The UK's FTSE 100 index closed down 0.2% to 4,163.61, while the French CAC-40 index declined 0.2% to 3,161.16. Germany's DAX 30 index fell 0.1% to 4,564.23.

The European Central Bank (ECB) cut its key rate by 75 basis points to 2.50% and the Bank of England (BOE) slashed its key rate by 100 bps to 2%. The Swedish and Danish central banks also lowered their key rates.

The BSE benchmark Sensex regained the 9000 levels on Thursday on the back of heavy buying witnessed in scrips across the sectors after inflation further declined.

Inflation declined more than expected in the week ended November 22 due to a sharp drop in fuel prices. The annual point-to-point inflation was 8.4% in the week ended Nov. 22 versus 8.84% in the previous week

Buying was witnessed all over especially in the interest rate sensitive stocks.
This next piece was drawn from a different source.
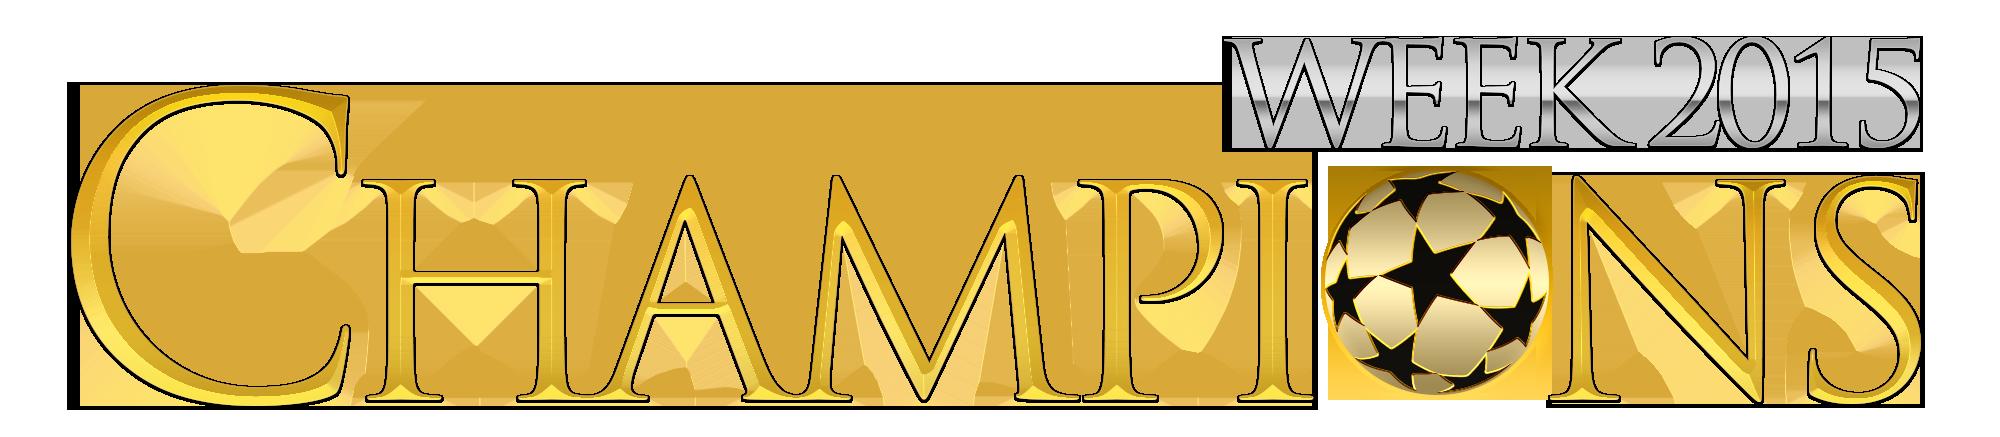 Championsweek2015.com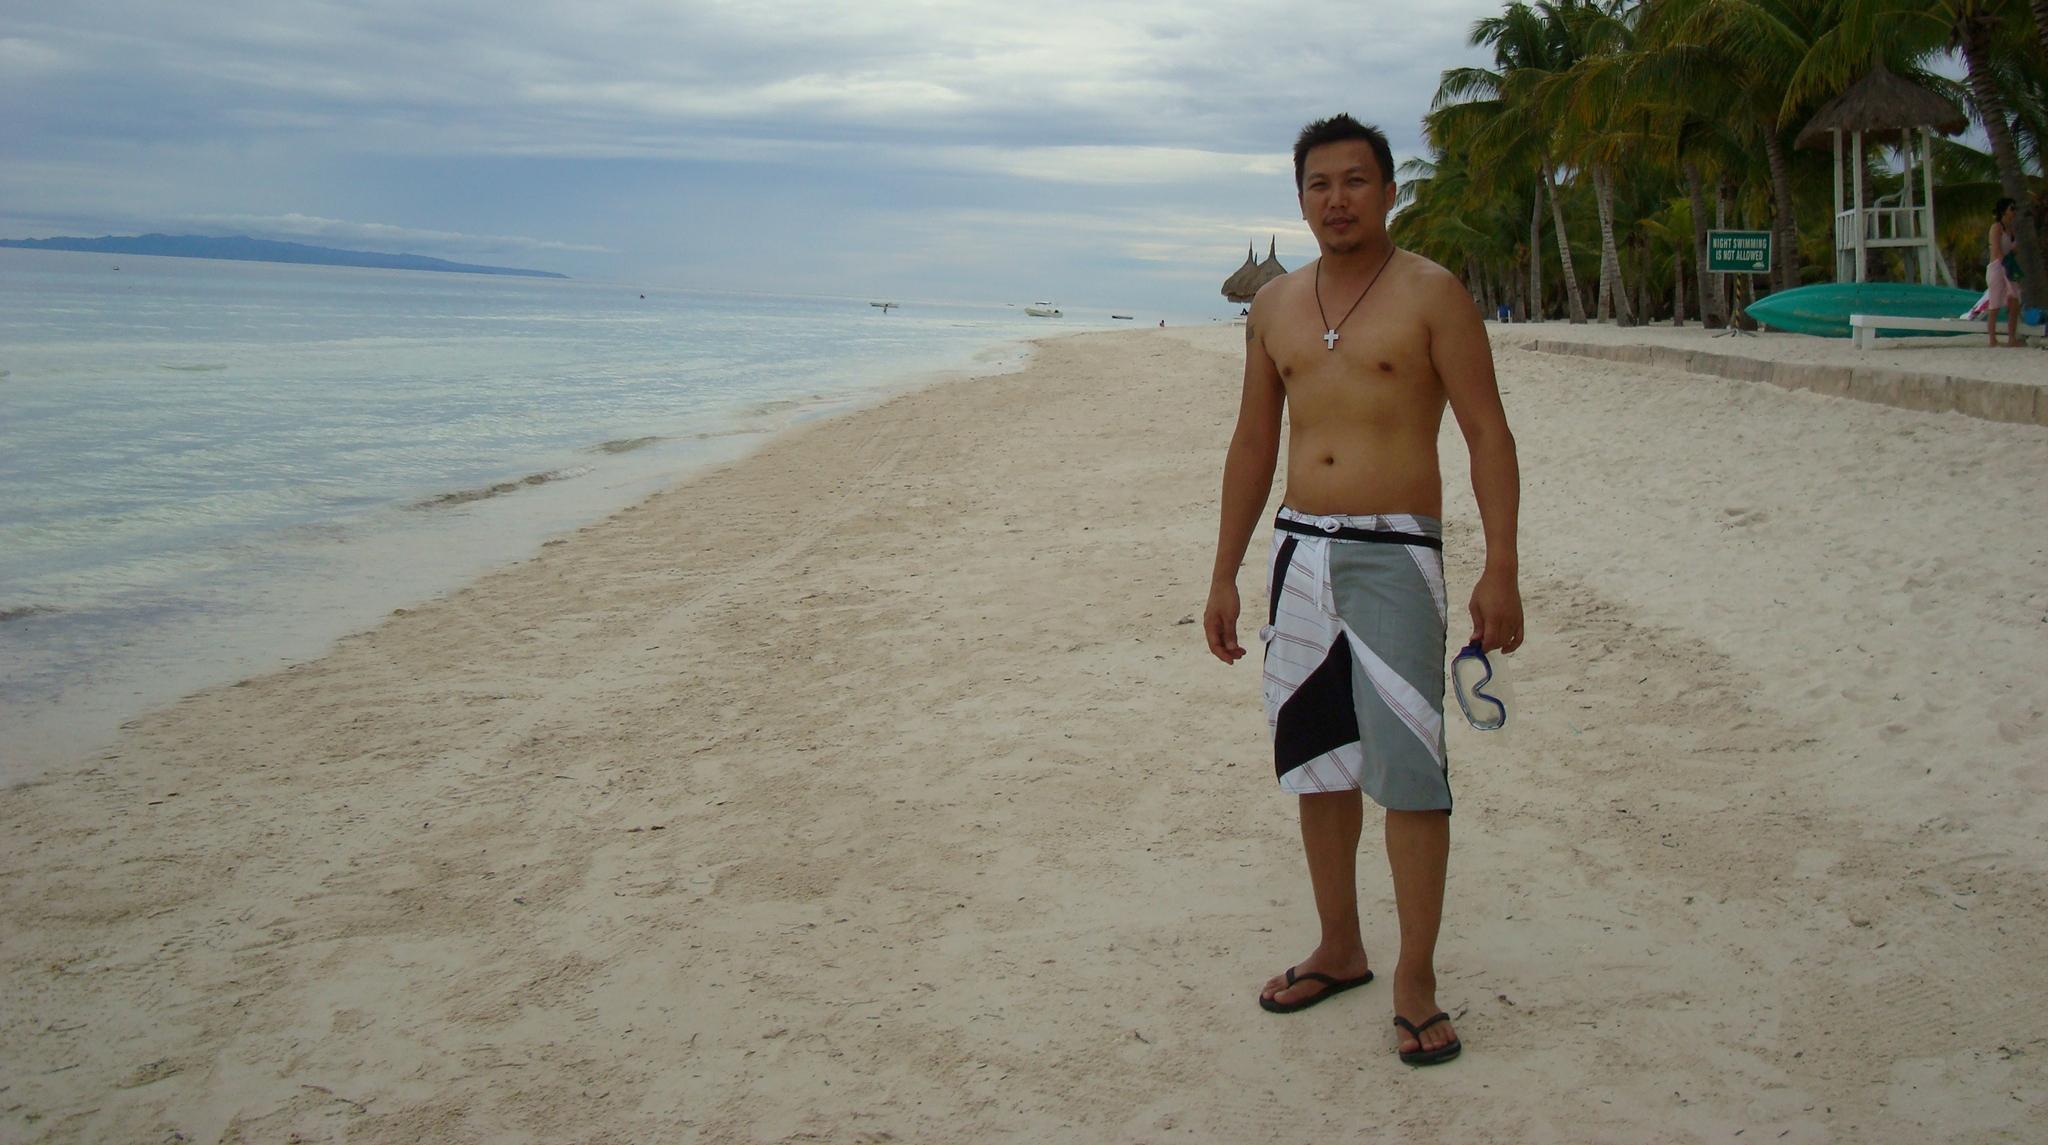 Iliyana bikini photos

The BSE Realty index rose 12.5% and the BSE Bankex index rose 5.6%.

The media sector was in demand throughout the day with stocks like NDTV, TV Today, Zee Entertainment and UTV Software were among the major gainers.
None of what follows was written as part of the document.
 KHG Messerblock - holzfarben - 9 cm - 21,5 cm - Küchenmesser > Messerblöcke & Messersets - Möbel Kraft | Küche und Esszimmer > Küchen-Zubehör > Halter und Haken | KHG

Finally, the BSE benchmark Sensex climbed 482 points to close at 9,229 and the NSE Nifty index was up 131 points ending at 2,788.

Market breath was strong, 1,498 stocks advanced against 669 declines, while, 58 stocks remained unchanged.
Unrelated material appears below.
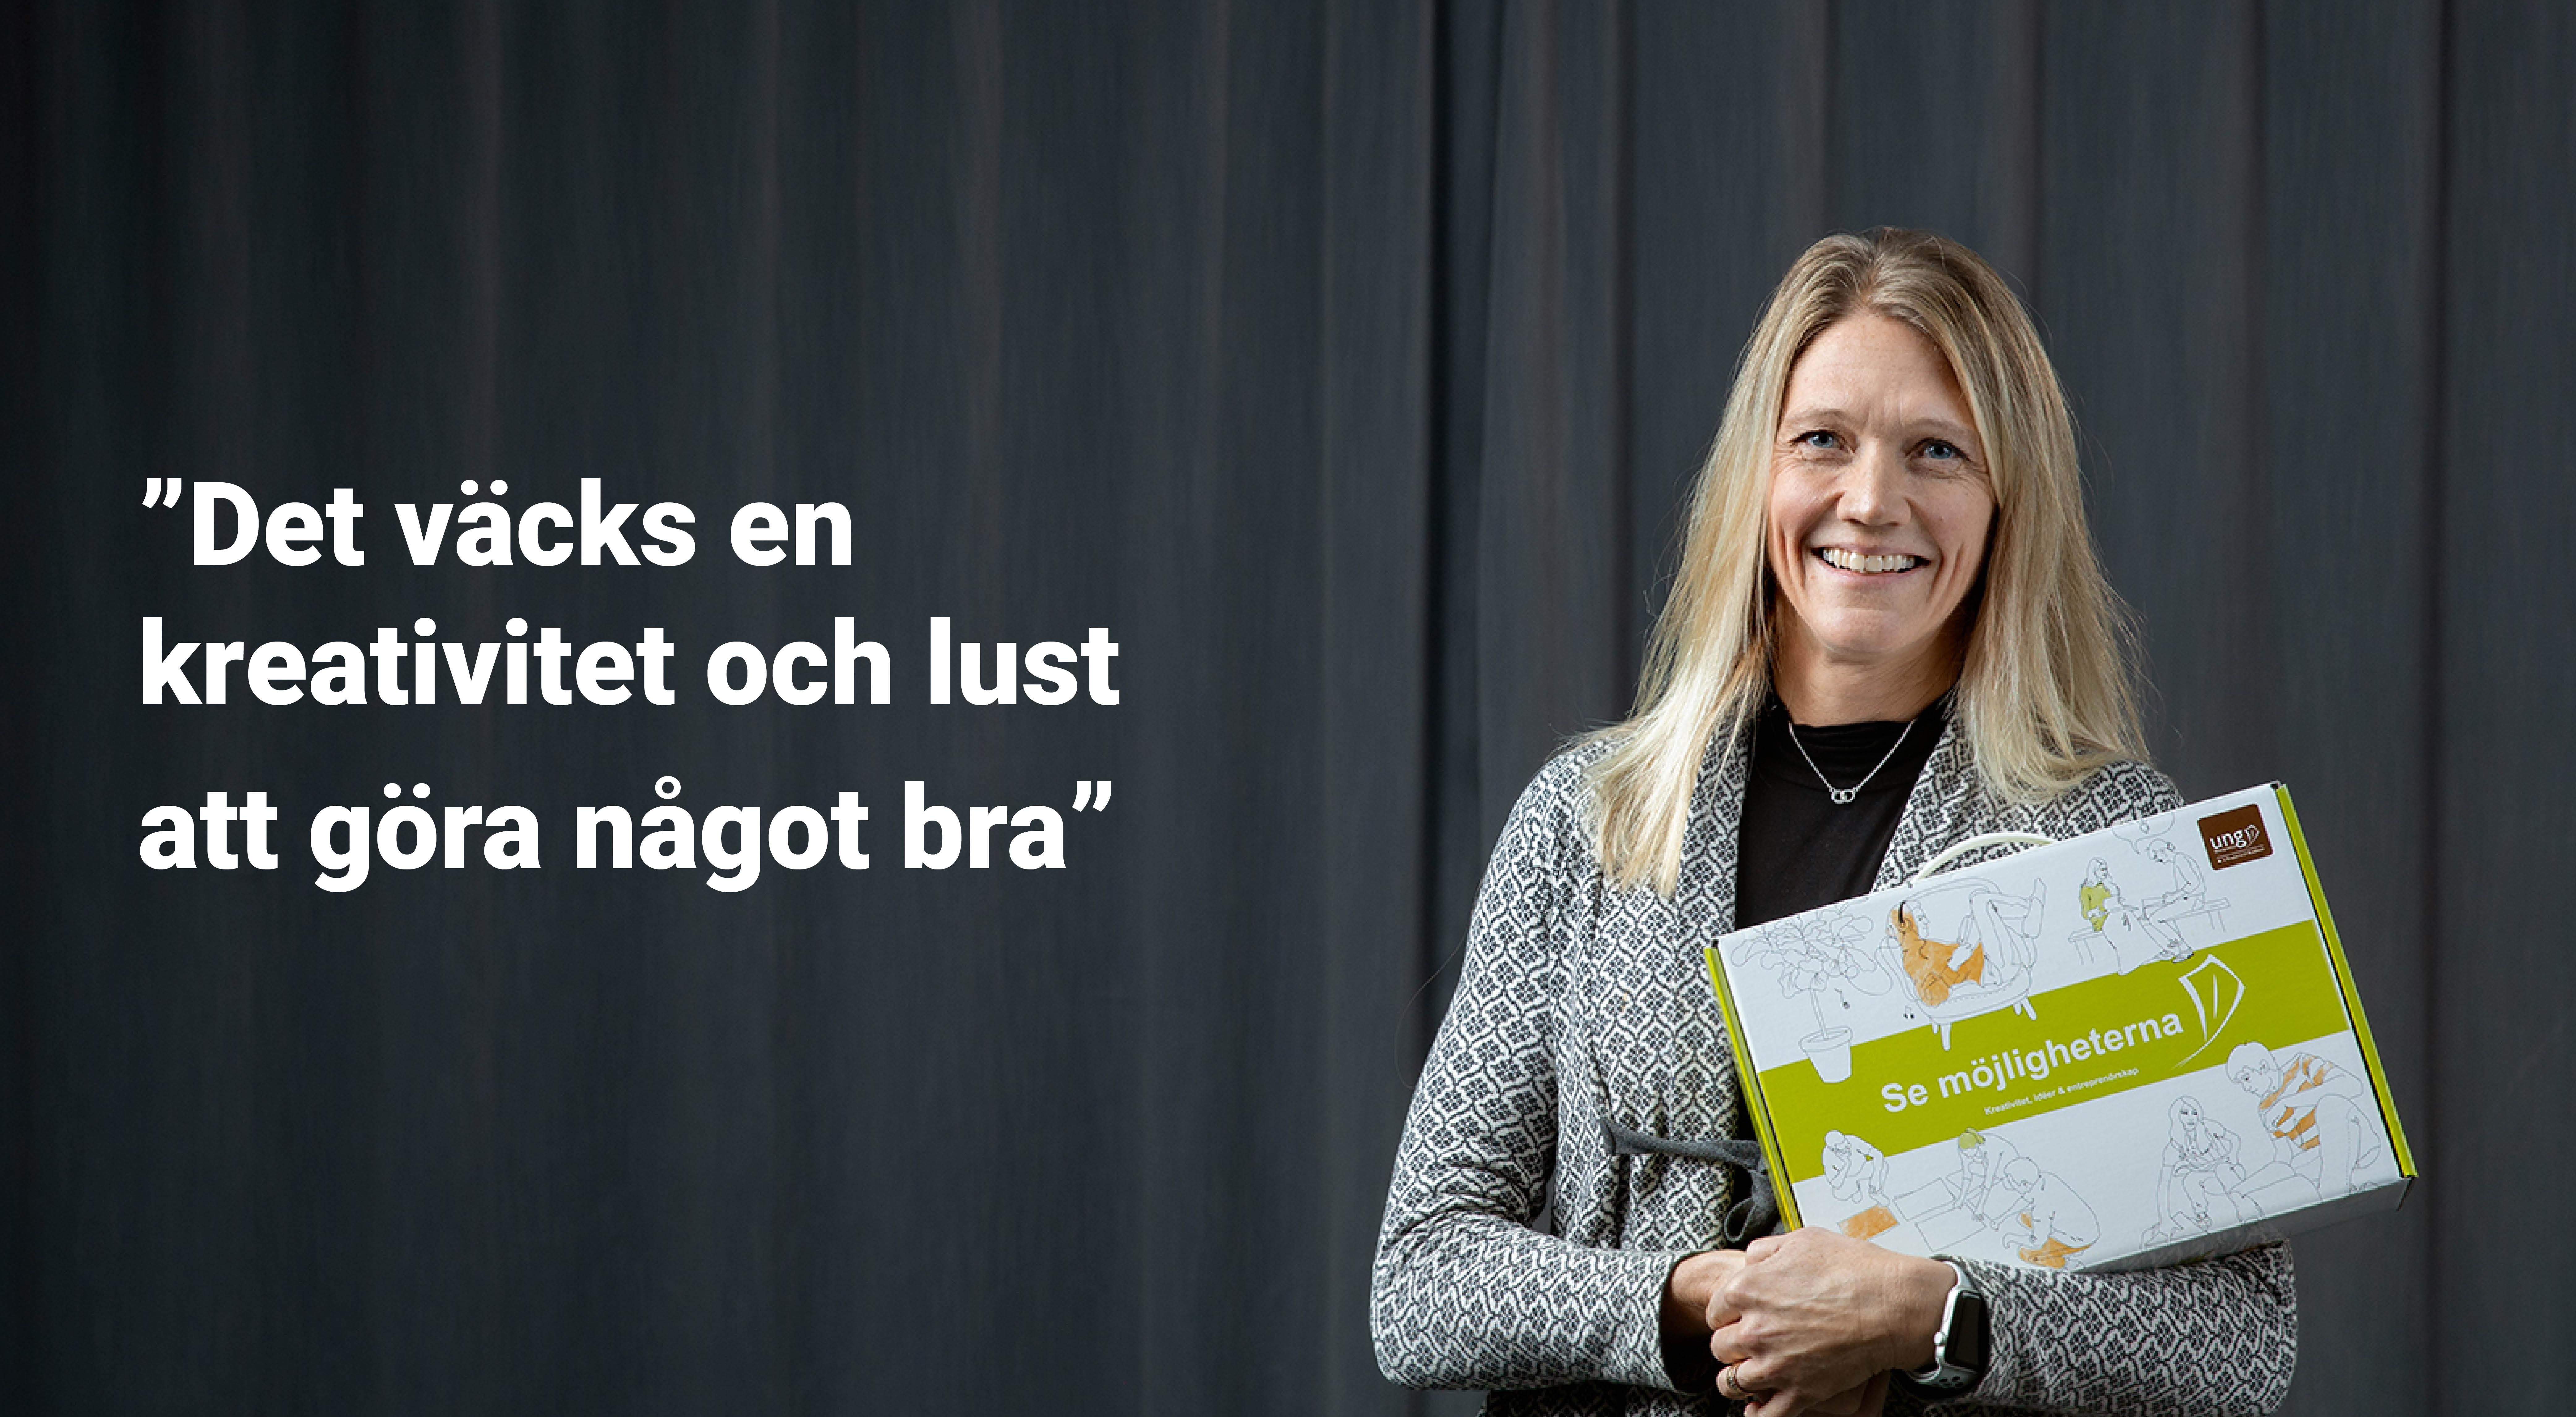 Charlotta Dahlqvist

All the 30-components of Sensex ended in the green, the big gainers were Tata Motors (13.4%), JP Associates (13%), Tata Steel (12%), DLF (12%), and Sterlite (8.3%).

Dr Reddy’s Lab gained by 1% to Rs480 after the company yesterday announced that it won order to supply seven drugs to Allgemeine, a Germany based company. The scrip touched an intra-day high of Rs486 and a low of Rs465 and recorded volumes of over 65,000 shares on BSE.

Shares of Ranbaxy surged by over 3.5% to Rs210 after reports stated that the company would partner with a US drug firm BioPro Pharmaceuticals to launch Brain tumour drug. The scrip touched an intra-day high of Rs212 and a low of Rs201 and recorded volumes of over 3,00,000 shares on BSE.

Shares of PVR advanced by 4.5% to Rs65.6 after the company announced that it plans to set-up 15 entertainment centres and gaming zone by 2012, according o reports. The scrip touched an intra-day high of Rs69.2 and a low of Rs63 and recorded volumes of over 63,000 shares on BSE.

TTML gained by 1.5% to Rs19.7 after reports stated that the company would invest Rs1bn in phase-I of expansion at Jammu and Kashmir. The scrip touched an intra-day high of Rs19.8 and a low of Rs19.4 and recorded volumes of over 71,00,000 shares on BSE.

Shares of IPCA Labs advanced by over 4.5% to Rs348 after reports stated that the company announced share buy-back at a maximum price not extending Rs600 per share. The scrip touched an intra-day high of Rs370 and a low of Rs341 and recorded volumes of over 7,000 shares on BSE.